They were produced under the Roadless-For pilot project (Making efficient use of EU climate finance: Using roads as an early performance indicator for REDD+ projects) and the Lot 2 (‘TroFoMo’ - Tropical moist Forest Monitoring) of the ForMonPol Administrative Arrangement (Forest Monitoring for Policies) funded by the Directorate-General for Climate Action of the European Commission (DG-CLIMA).
If you are using the data as a layer in a published map, please include the following attribution text: "Source: EC JRC"

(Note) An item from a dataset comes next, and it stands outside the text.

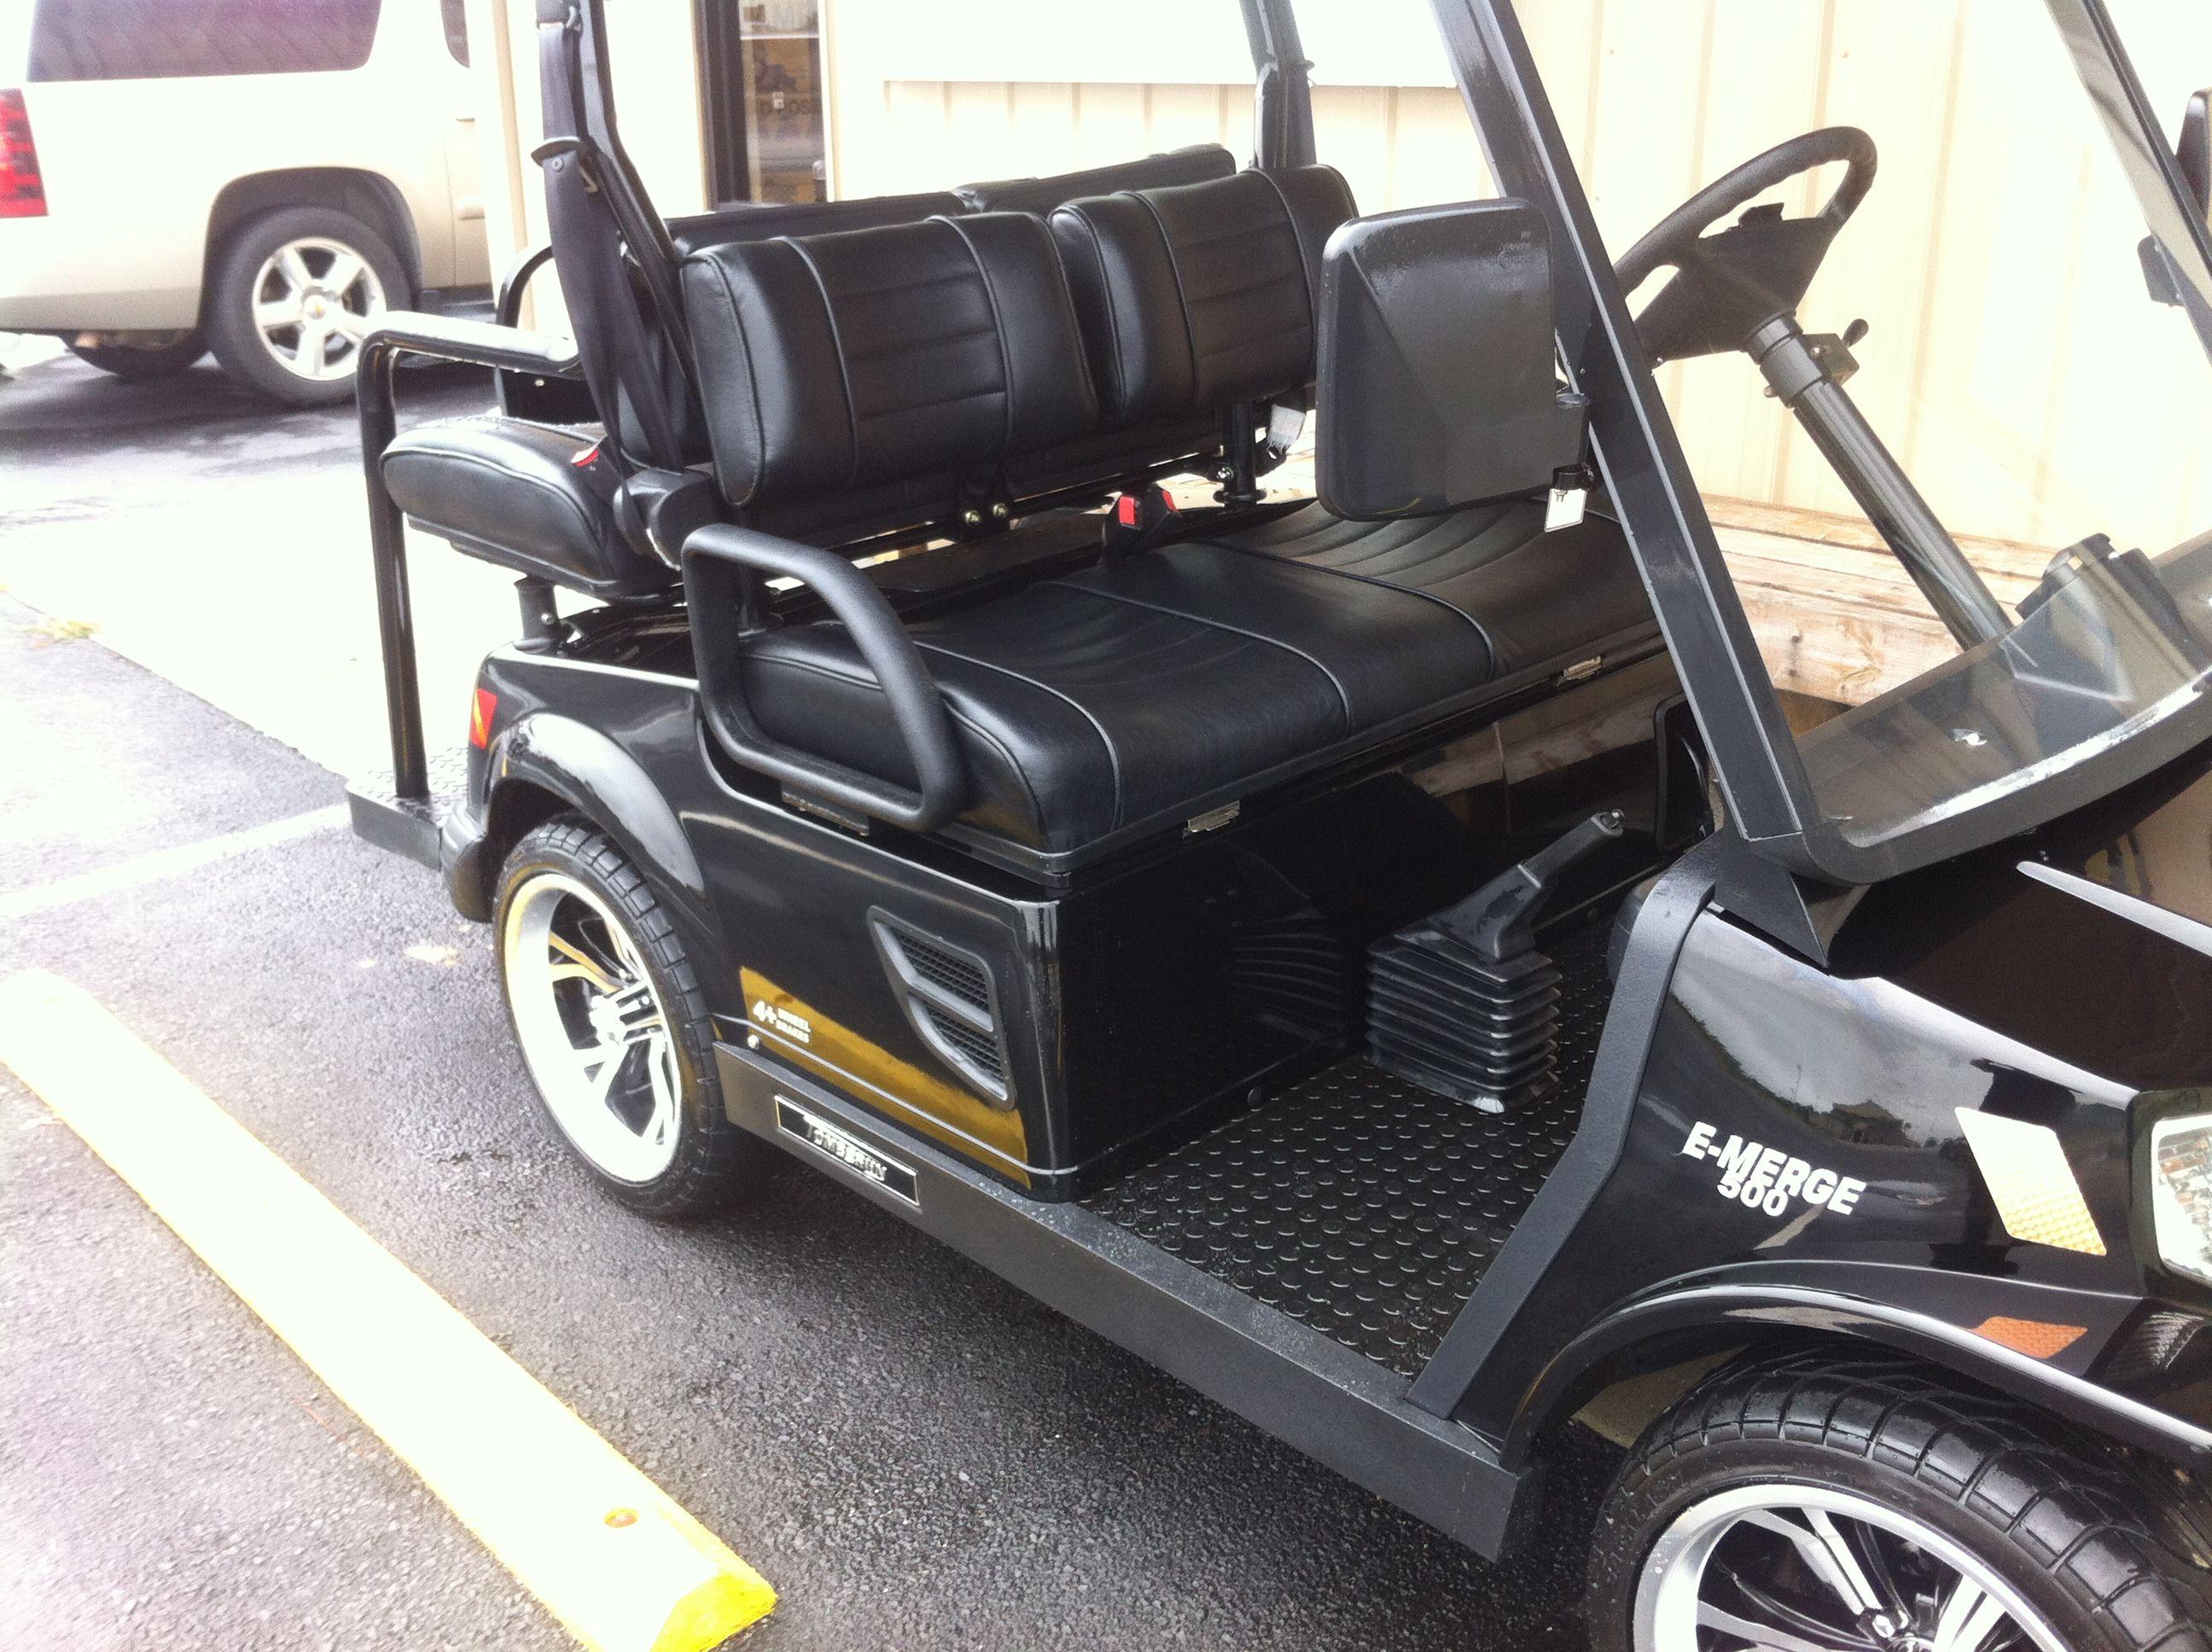 medium resolution of 2005 tomberlin street legal cart street legal golf cart

C. Vancutsem, F. Achard, J.-F. Pekel, G. Vieilledent, S. Carboni, D. Simonetti, J. Gallego, L.E.O.C. Aragão, R. Nasi. Long-term (1990-2019) monitoring of forest cover changes in the humid tropics. Science Advances
Access to Earth Engine is free but requires signup. To get access, please fill out our Earth Engine signup form to apply for an Evaluator account. Those granted access will receive an email within a few business days with further instructions.
Once you are familiar with the Code Editor, get started on the tutorial!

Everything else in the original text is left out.